Konventionelle Agrarflächen weisen eine rund dreifach höhere Mikroplastikbelastung auf als ökologisch bewirtschaftete Flächen. Das haben Untersuchungen im Rahmen des Projekts iMulch, koordiniert vom Institut für Energie- und Umwelttechnik ergeben. Auf jedem Hektar deutscher Ackerfläche befinden sich rund 460g Kunststoff. Hochgerechnet beträgt die Kunststoffmenge im Boden rund 5500 Tonnen. // von Roman Hansen und Darja Galperin

Themen wie Mikroplastik und Kunststoffe in der Umwelt gewinnen mit der global steigenden Kunststoffproduktion an Relevanz. Bislang liegt der Fokus auf der Kunststoffbelastung der aquatischen Ökosysteme. Doch auch die Böden leiden enorm unter dem Einfluss von Kunststoff. Ein möglicher Gefahrenherd sind die in der Landwirtschaft großflächig genutzten Mulchfolien, die das Pflanzenwachstum beschleunigen und die Erträge steigern. Laut Doktor Michael Sander, Professor an der ETH Zürich, sind konventionelle Mulchfolien insbesondere dann ein Problem, wenn sie sehr dünn sind. Diese können nach der Nutzung nicht vollständig eingesammelt werden und verbleiben so teils im Boden.

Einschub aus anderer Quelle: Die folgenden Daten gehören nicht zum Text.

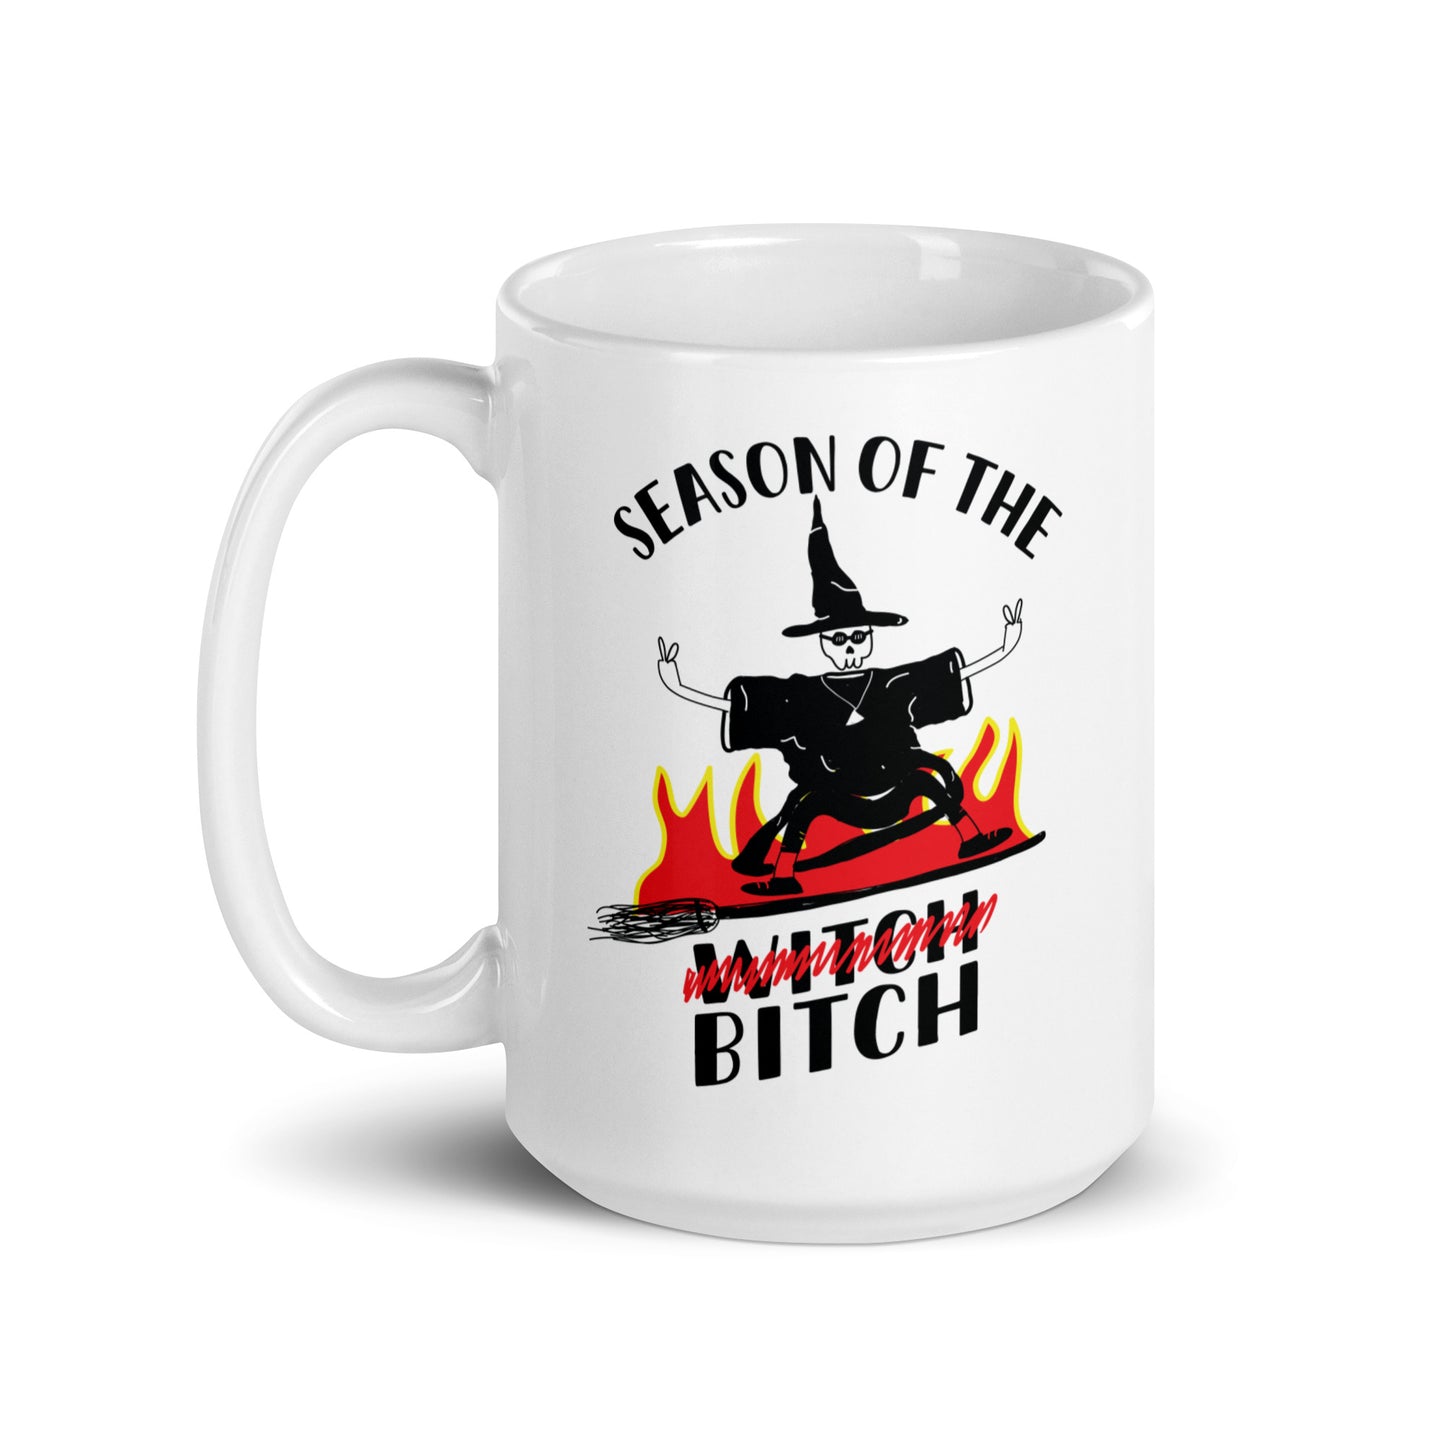 Season of the Bitch mug

So funktionieren Mulchfolien

Mulchfolien werden zunächst großflächig auf den Feldern ausgelegt, sodass der Boden bedeckt ist. Eine Mulchfolie besteht aus zwei Seiten. Einer schwarzen Seite, welche den Boden durch Sonneneinstrahlung aufwärmt und so vor Frost schützt. Bei der weißen Seite verhält sich das anders. Sie reflektiert die Sonneneinstrahlung und sorgt dafür, dass der Boden nicht austrocknet oder überhitzt. Ralf Bertling ist Diplom-Ingenieur beim Fraunhofer Institut für Umwelt-, Sicherheits- und Energietechnik (Umsicht). Laut ihm haben Mulchfolien den Vorteil Unkrautwachstum zu bremsen, Bodenerosion zu reduzieren und vor Schädlingen zu schützen. Ähnlich wie Michael Sander sieht auch Ralf Bertling die Gefahr, dass Mikroplastik in den Boden gelangt und so für Schäden im Bodenökosystem sorgt.

Das Projekt "iMulch"

Das Projekt "iMulch" entwickelt Methoden um die Auswirkungen und Folgen von Kunststoffen in Böden zu ermitteln. Die Wissenschaftler und Wissenschaftlerinnen des Projektes lassen Ackerfolien auf der Bodenoberfläche bei konstanter Temperatur und unter dem Einfluss von UV-Licht künstlich altern. Während des Prozesses werden in unterschiedlichen Bodentiefen Proben entnommen. Dadurch wird der Anteil folienstämmiger Kunststoffpartikel ermittelt. Zum Vergleich werden Bodenproben von Feldern genommen, bei denen die Verwendung von Mulchfolien bereits bekannt ist. So können projektinterne Ergebnisse der Böden mit realen Böden verglichen werden. Getestet werden erdölbasierte als auch biologisch abbaubare Kunststofffolien.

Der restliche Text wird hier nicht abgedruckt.